Here, the strengths of the university profile lines of LIFE and LIGHT are combined with the university hospital and eight extramural research institutes. The foundation for the cluster concept is the successful Excellence Graduate School, the Jena School for Microbial Communication. Four collaborative research centres, other coordinated research programmes and regional industry partners consolidate the Microverse cluster.
Collaboration between research institutions is not just an option within the JenaVersum. Rather, it forms a strategic component for utilising the entire spectrum of research expertise and thereby ultimately advancing one’s own work as well. Scientific exchange benefits from top-notch, state-of-the-art equipment, powerful on-site infrastructure, close connections and a long tradition of interdisciplinary collaboration. Ideal prerequisites, therefore, for shaping our future habitat for the long term.
Research network
Be JenaVersum – Your idea for a joint project!
Vision, courage and enthusiasm – these are the pillars the JenaVersum network is built on. We know that research is always a team effort.
We also know that interaction and collaboration form the basis for outstanding research findings and innovative developments. And we know that we can accomplish more together.
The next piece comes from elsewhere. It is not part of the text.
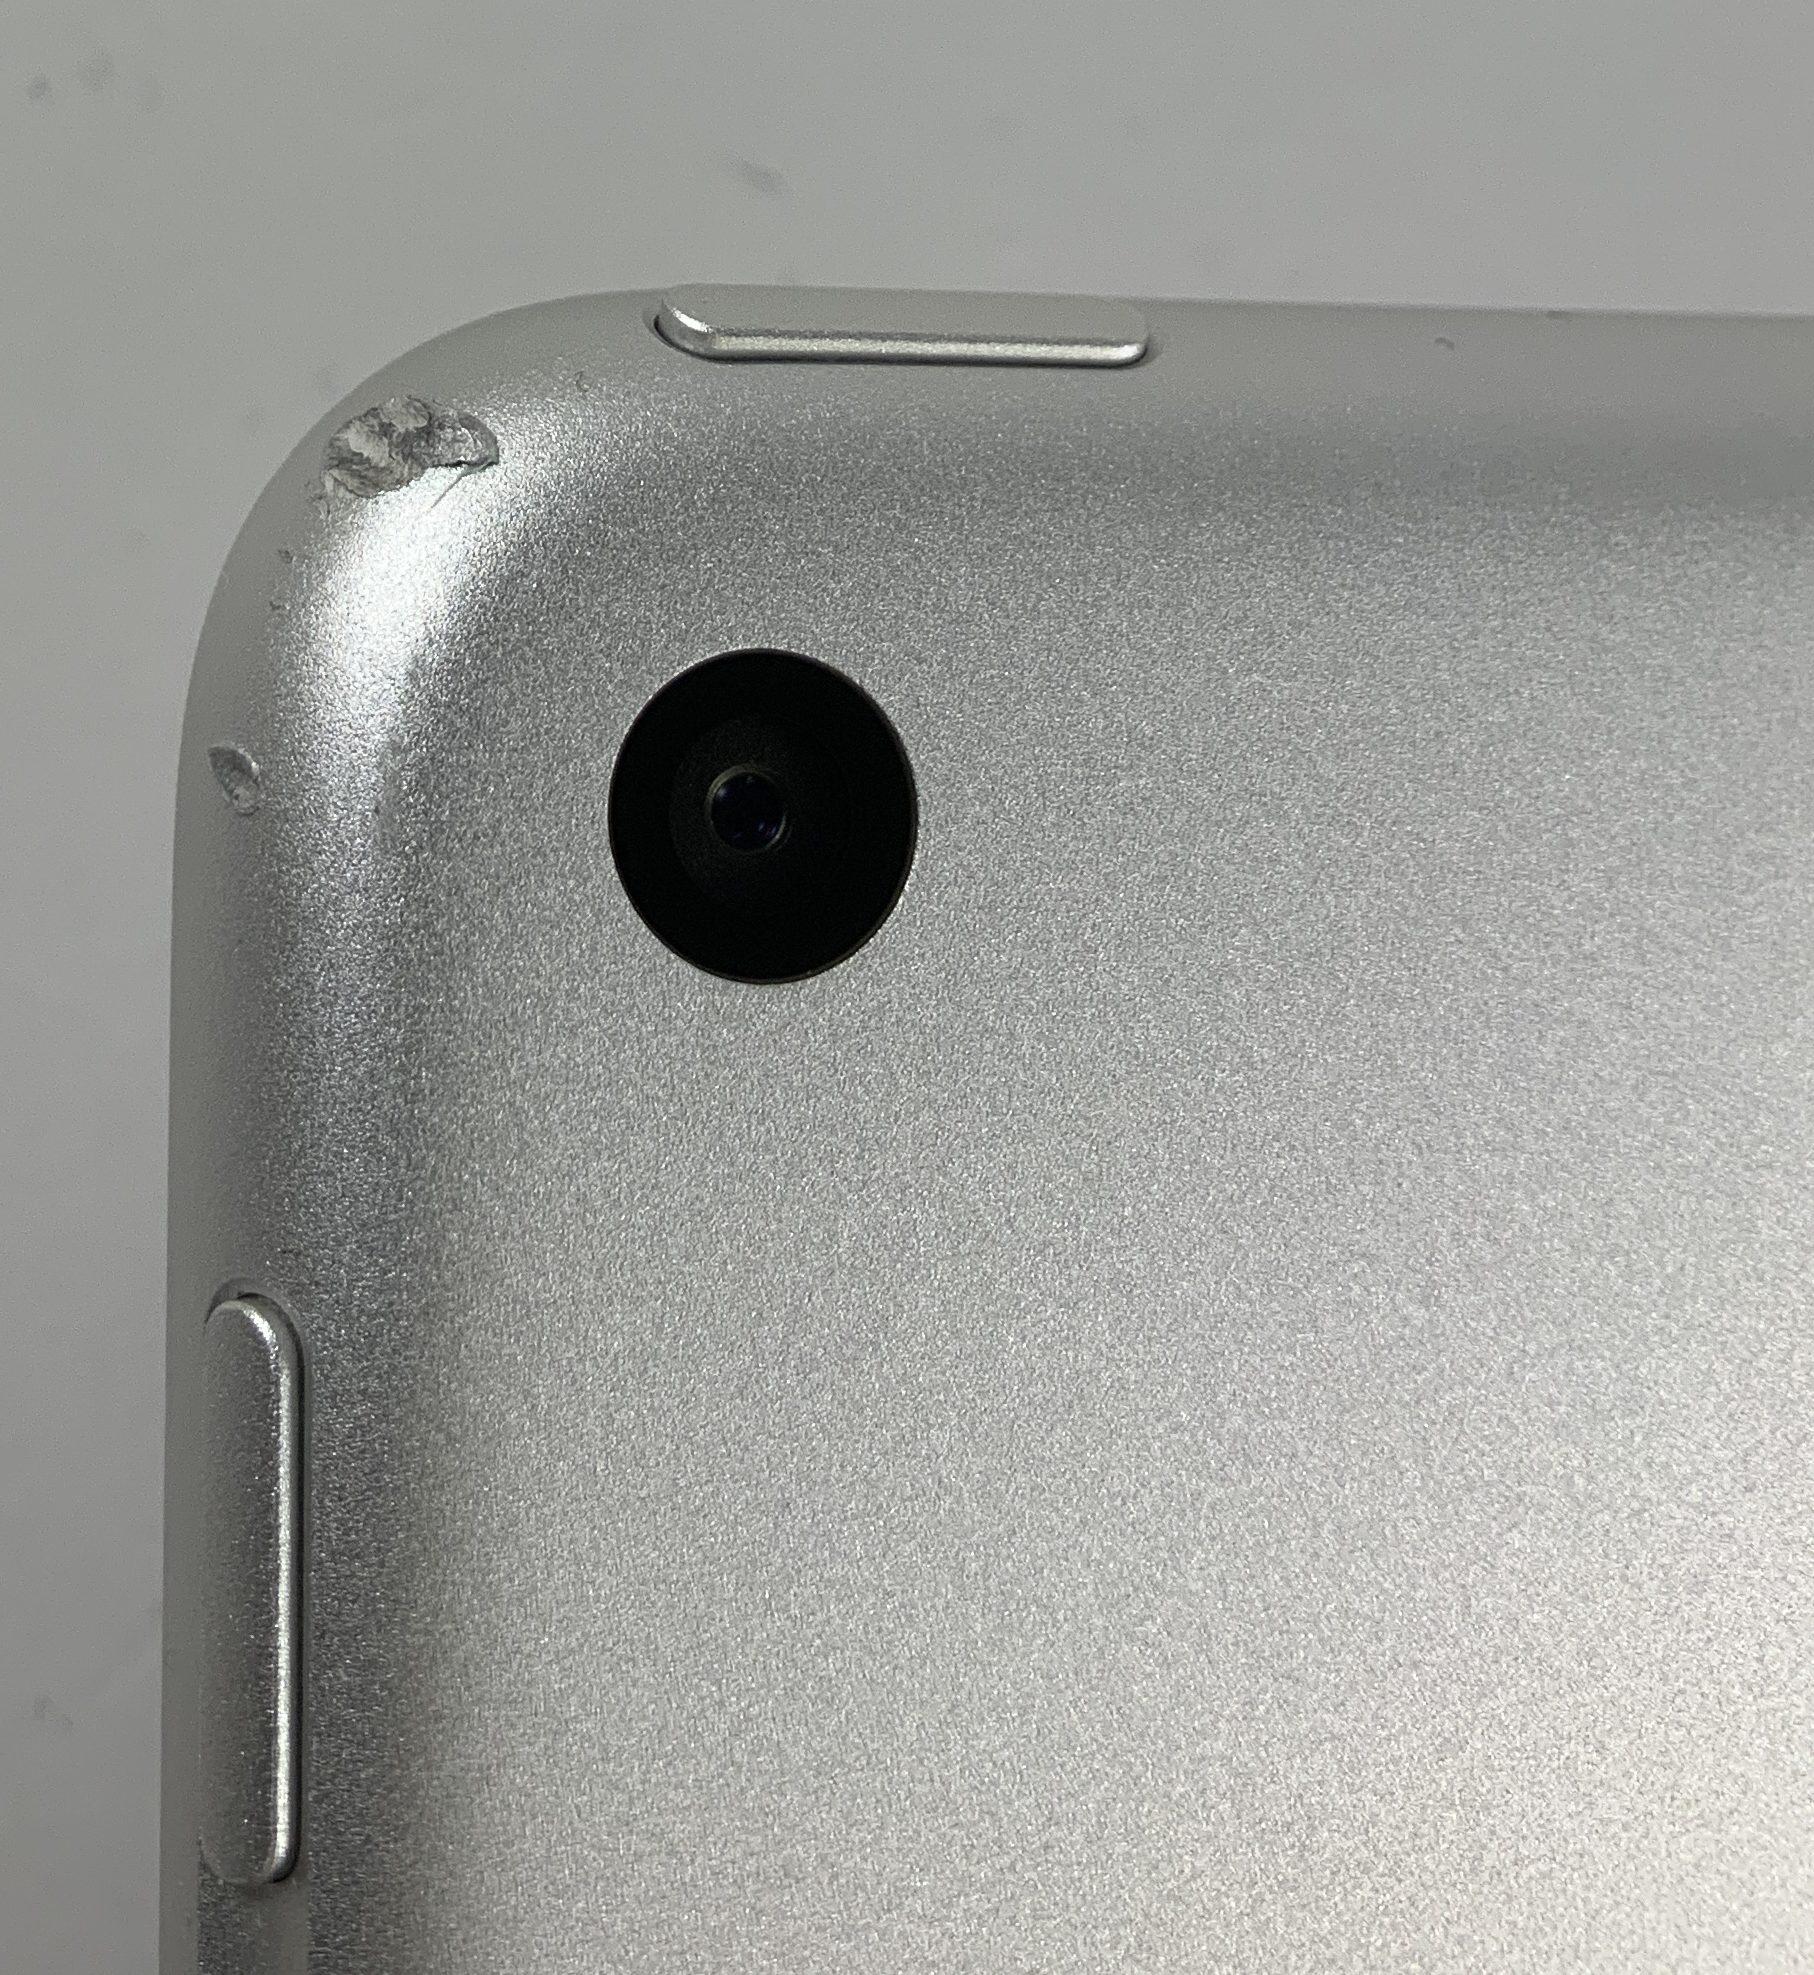 iPad Air 3 Wi-Fi + Cellular 64GB, 64GB, Silver, bild 3

Stakeholders from the scientific community come together with partners from the business and urban spheres to take the tradition of collaboration to new heights. The JenaVersum is a place for existing collaborations to be supported and expanded in many different ways. New initiatives and projects round off the profile of this innovative research environment.
If you would like to find out more, you are warmly invited to join and become active in the JenaVersum network at any time.
Life in Jena
Young, innovative, open-minded – that is Jena.
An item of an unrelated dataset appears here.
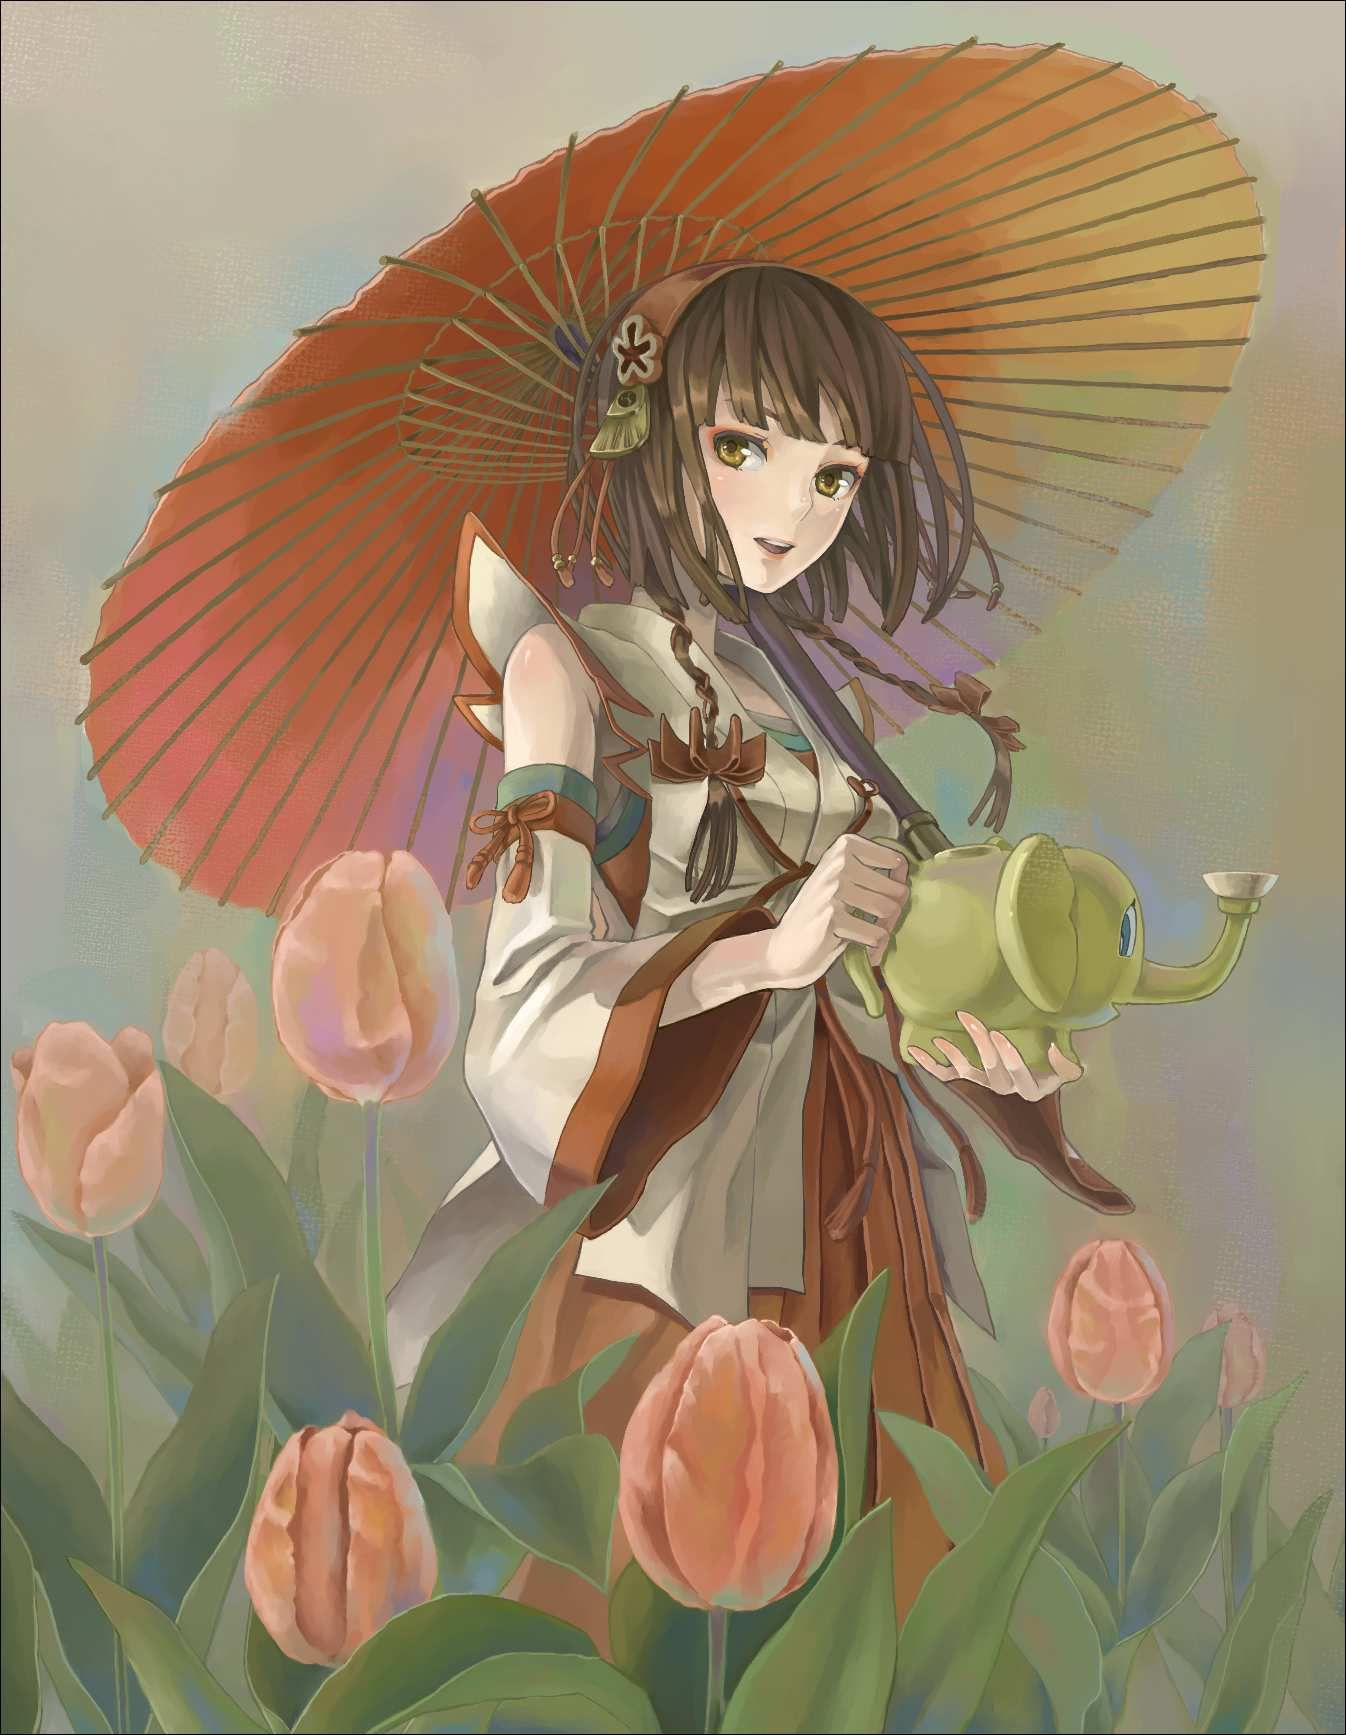 Pin by Anita Supala on My Bookshelf. Samurai warrior

This is where the train stops in a verdant paradise and where close bonds are formed between research, science and research-related companies. It’s not just the gleaming, 150-metre-tall Jena Tower in the centre of the city that offers an impressive outlook.
People come here from all over the world to study, work and carry out research. Jena’s two universities, one university hospital, countless research institutes and research companies make it an ideal place to live and work, with a host of options for discussion and collaboration. Students, graduates and young researchers fuel growth in a city that has learned to adapt and, at the same time, to stay true to itself.